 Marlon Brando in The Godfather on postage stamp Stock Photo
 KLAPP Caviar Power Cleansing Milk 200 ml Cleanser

_ _ _ _ _

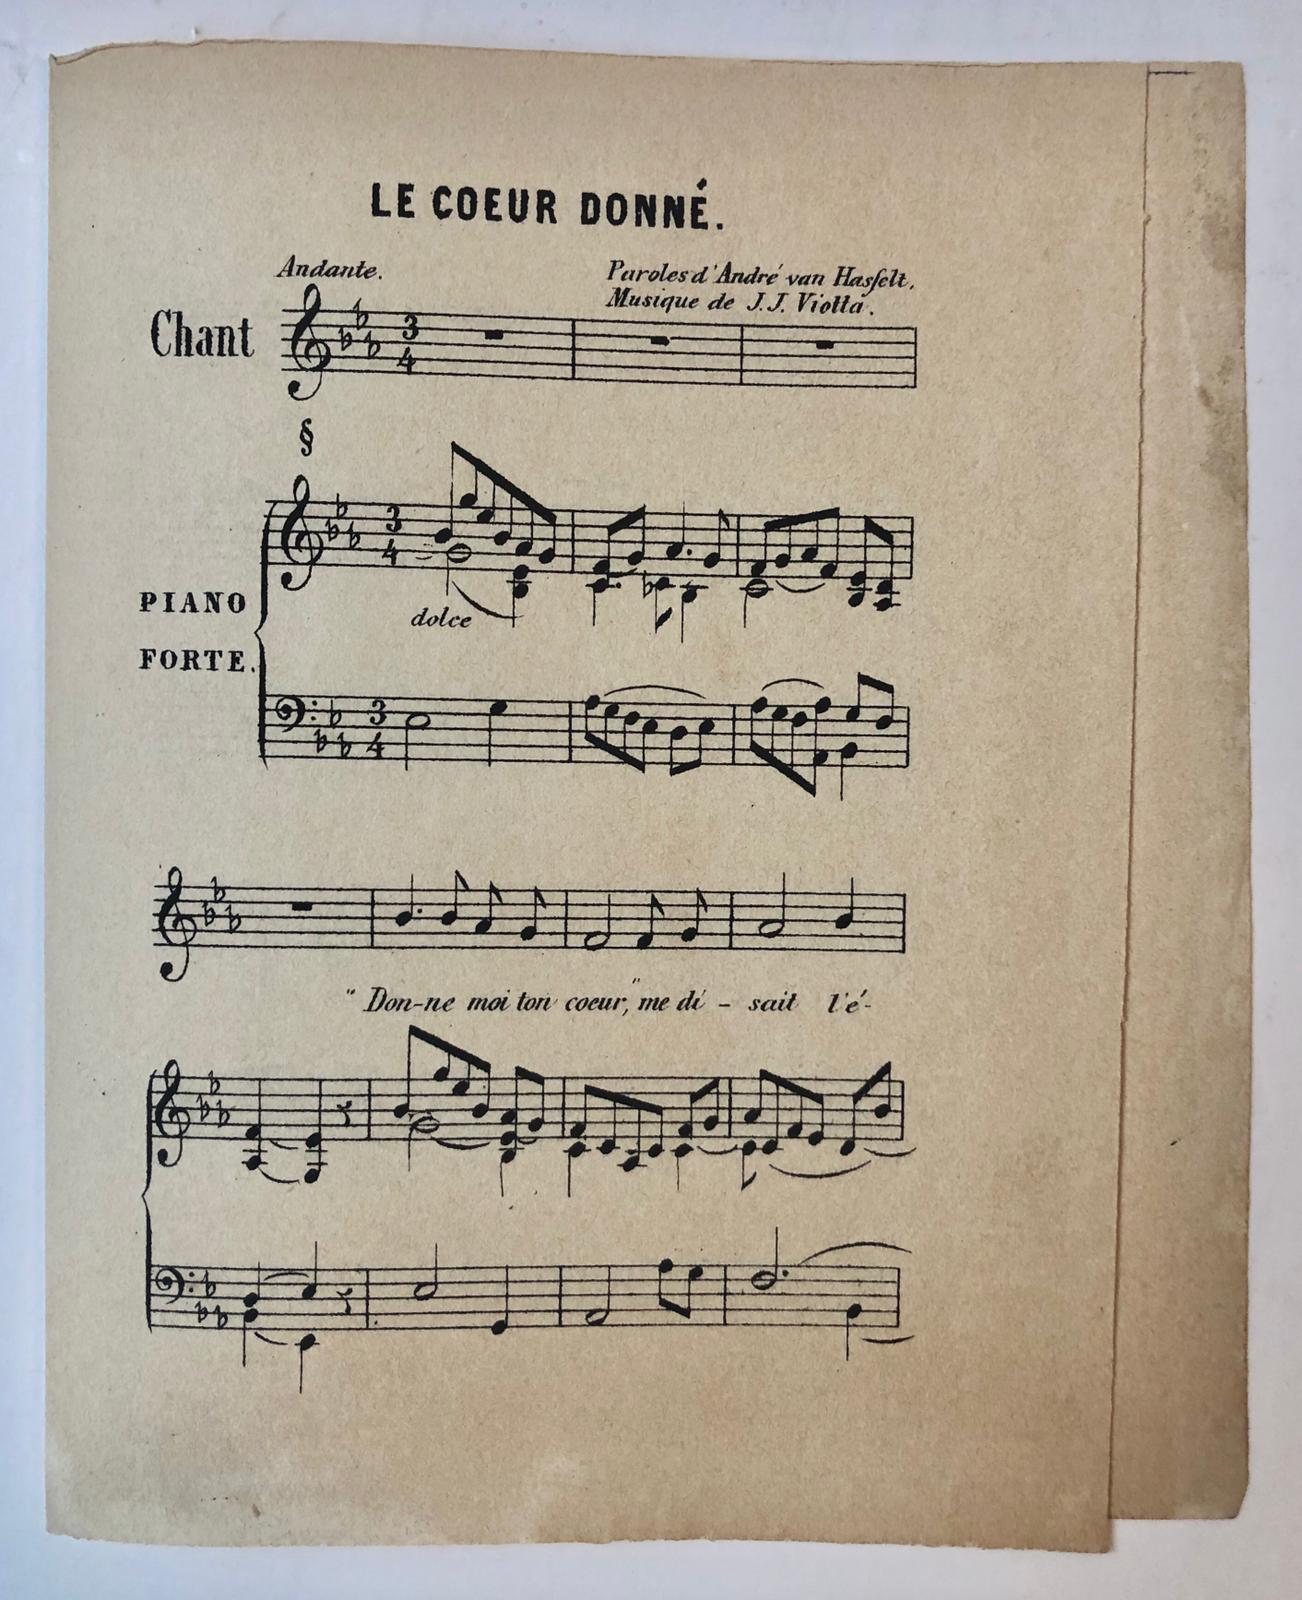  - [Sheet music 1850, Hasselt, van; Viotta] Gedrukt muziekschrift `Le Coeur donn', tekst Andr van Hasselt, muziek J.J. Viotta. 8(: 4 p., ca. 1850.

_ _ _ _ _

## Problem statement
The answer is the lines above between the line holding "Marlon Brando in" and the line holding "KLAPP Caviar Power", inclusive, each written out exactly, and no others.

## Result below
 Marlon Brando in The Godfather on postage stamp Stock Photo
 KLAPP Caviar Power Cleansing Milk 200 ml Cleanser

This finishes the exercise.